Washington—The U.S. and Iran find themselves facing the same enemies and may end up sitting on the same side of the table on a number of issues, including dealing with Sunni insurgents all around the Middle East. Both governments oppose the growing Sunni insurgency, whose members raise the Al Qaeda flag as they terrorize the locals in Syria, Yemen, Iraq, Lebanon, and Afghanistan. As U.S. influence in the region wanes, and Iraq falls apart, Iran, a Shia country, is worried about the Sunni threats to its allies in Syria and Iraq, and more Sunni forces will be unleashed after the U.S. pulls out of Afghanistan. As a result, last week, Iran offered to send military aid to Iraq, which is run by Shia forces, and the U.S. administration admits they can be helpful in ending the war in Syria if they come to the table—but they also say that cooperation will be based on the results of the nuclear negotiations currently underway—and despite the fact that Iran was a key player in getting chemical weapons out of Syria. (The first load left that country this past week.)

Israel Moves to Break Up Conglomerates

Jerusalem—As a result of the Occupy movement in Israel that brought hundreds of thousands out to protest the “tycoons” in 2011, and a sustained effort to expose the corruption of corporate culture by Haaretz, the Knesset last month unanimously voted to break up the corporate conglomerates that control approximately 1/3 of Israel’s economy.
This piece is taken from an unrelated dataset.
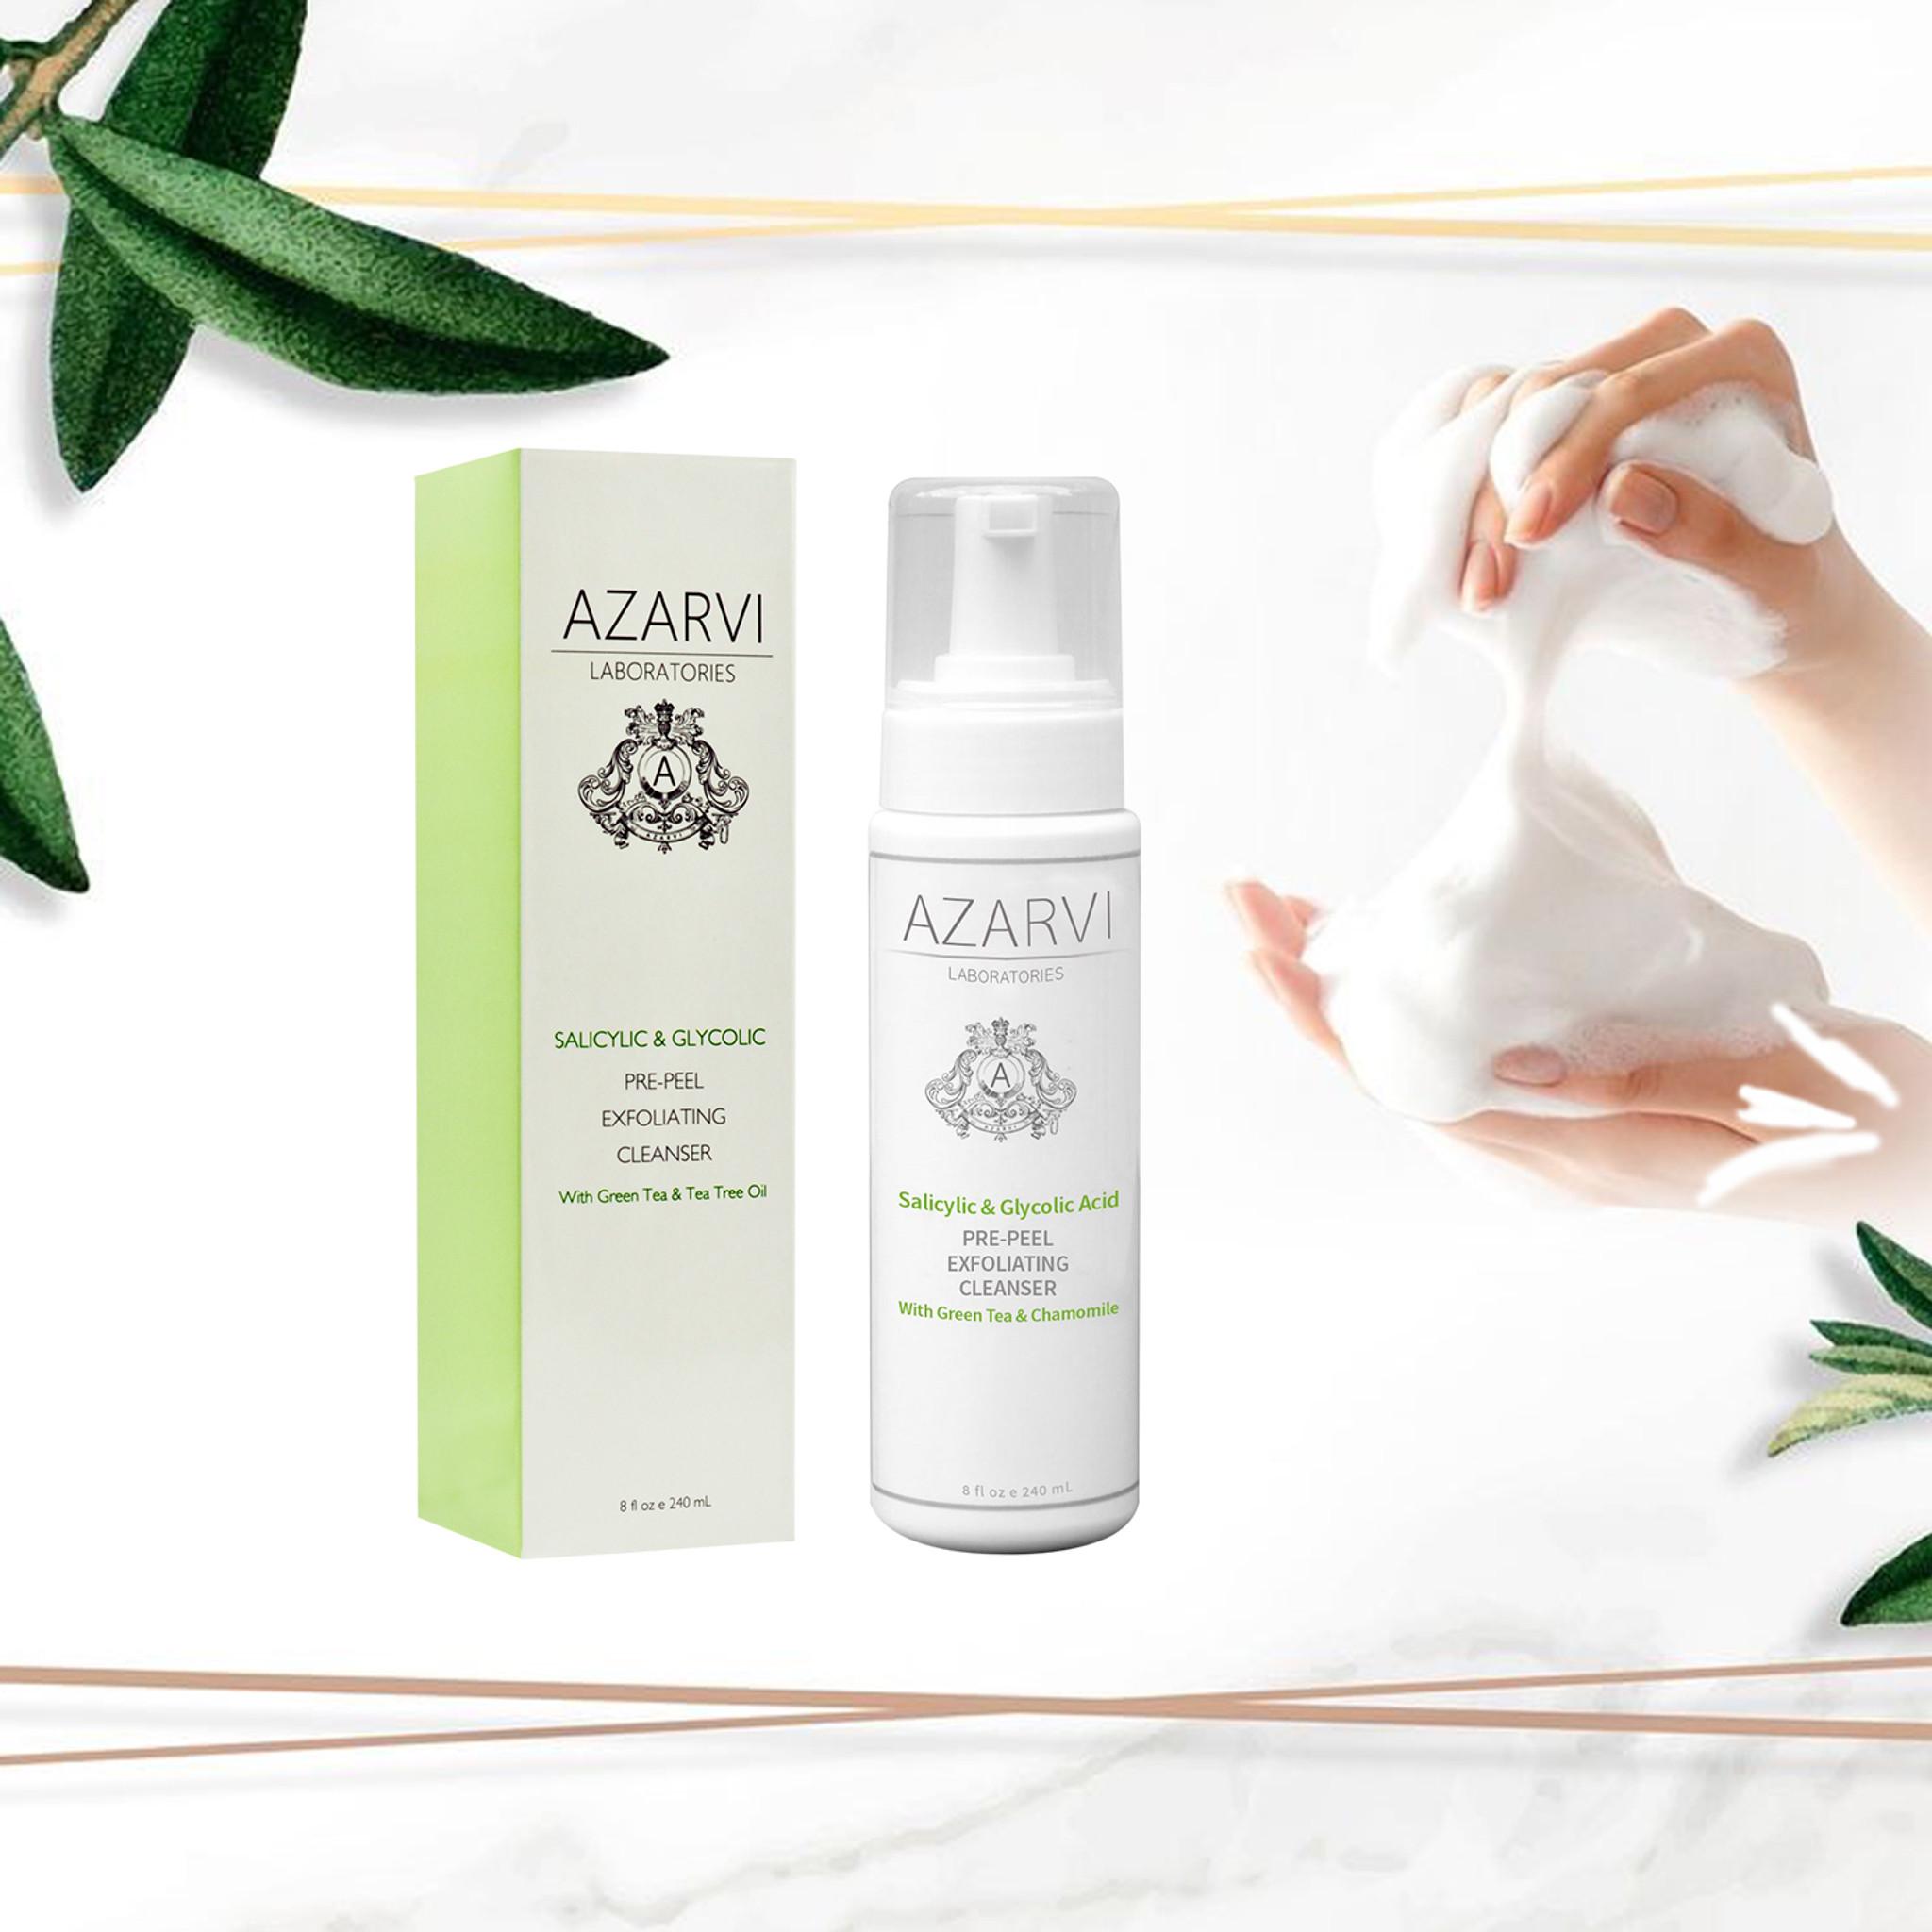 Azarvi Salicylic & Glycolic Acid Pre-Peel Exfoliating Cleanser

Most of them are public companies that control other public companies and are owned by families and individuals, who, according to the New York Times, “put down little money but control vast swathes of the Israeli economy … [they] crowd out competitors and take on excessive debt by lending among their companies.” The breakup is designed to increase competition and drive down prices and will prevent the pyramids from funding themselves with cheap financing. Israel is now overhauling its economy in an attempt to reduce income inequality.
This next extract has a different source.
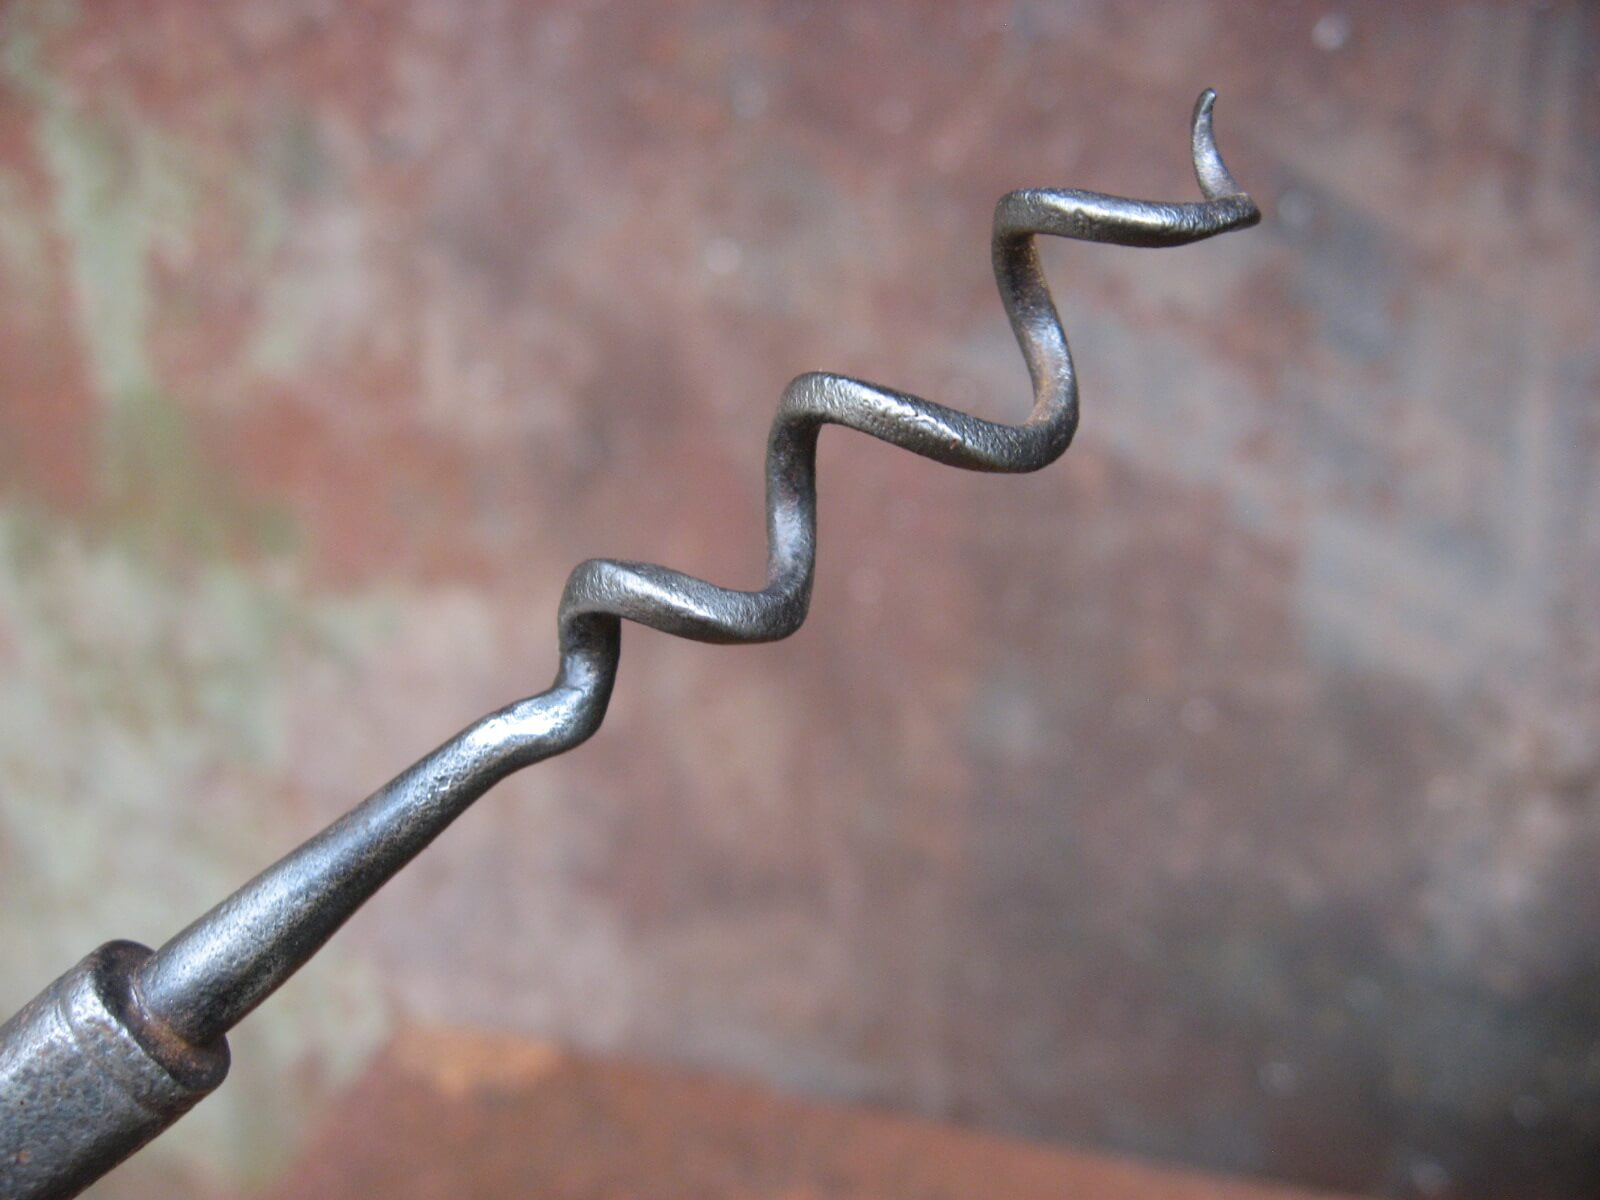 Antique 19th century corkscrews at PumpjackPiddlewick

Deal Sends Eritrean Migrants from Israel to Sweden

The United Nations High Command for Refugees in Israel has brokered a deal between the Israeli government and the government of Sweden which has allowed dozens of Eritrean migrants to settle there. Among them were 54 women. The Interior Ministry said that the deal was made in collaboration with the United Nations and that each Eritrean migrant received a payment of $3,500. The ministry cites a total of 2,612 migrants who willfully left Israel in 2013—1,955 from Sudan and 461 from Eritrea. But Michal Pinchuk, the Executive Director of ASSAF said a Swedish government delegation met with them other NGOs and African migrants, with no involvement from the government. Pinchuk said that some of the women were trafficked and had gone through torture in Sinai. She said her organization signed up a group from the Saharonim prison for the resettlement. Interior Minister Gideon Sa’ar gave the approval for them to leave for Sweden and claims that the refugee protests in Tel Aviv had nothing to with announcing the Swedish deal.